Hacker News new | ask | show | jobs
by BoringCode 3241 days ago
Many open-source projects simply don't have the resources to adequately test their products or provide support. Contrast this with a large company which has the resources and the willpower to provide support for their software. Often the best of both worlds is a large company/organization that dedicates its resources to an open-source product, but that's not always the case.

But this issue is never as black and white as "open-source is more secure." There are many other factors that go into the security of a product beyond its source code being readable. Deciding which factors matter largely depends upon your unique threat model.

1 comments

I'm not sure about "a large company/organization that dedicates its resources to an open-source product" being the best of both worlds. I mean, maybe narrowly defined, sure. But take one of the better examples of the form, Chrome/Chromium. I'm not sure that a world where we get a free web browser that is used to funnel us all into an ad-driven model powered by an incredible surveillance apparatus is strictly better than a world where we all have to buy our web browsers. There's tradeoffs all the way down. Open source coexists well with some revenue models and doesn't with others, and the revenue models that best coexist with open source have some very significant downsides in terms of how they don't align the interests of the business with that of its users.
I am concurring with you. The point I'm making is that it's a matter of resources and trust, not literal "open source" that matters.

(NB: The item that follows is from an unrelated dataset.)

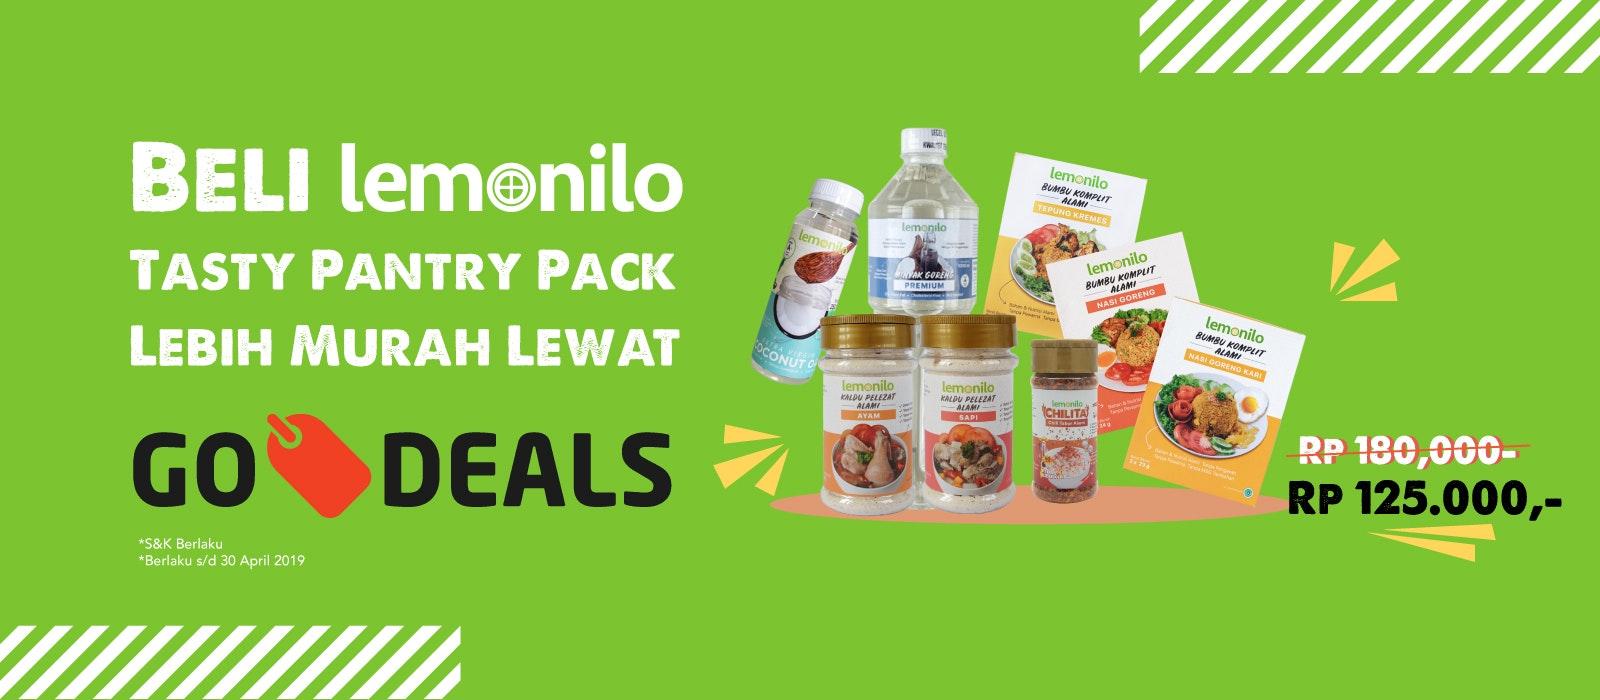 Lemonilo Tasty Pantry Pack Harga Spesial Lewat Go-Deals

If I trust an organization to put the resources towards properly auditing their software, that's often far more important then whether or not I can personally do an audit. The majority of people and organizations do not have the time or technical skills to properly evaluate software. Whether the software they use is open-source won't ultimately matter.

The "many eyes" argument often falls apart because most of the time there simply aren't that many eyes dedicated to a project. What is the practical difference between Microsoft hiring 100 people to perform security audits and an open-source project that has 100 volunteers? Resources and trust. If you trust the open-source project to dedicate resources to security, and their software fits in your threat model, then use it. Or the inverse, if you don't trust MS and their software doesn't fit: avoid it. The vast majority of the time open-source vs closed-source should not be the main differentiator, but rather a smaller element of an informed decision.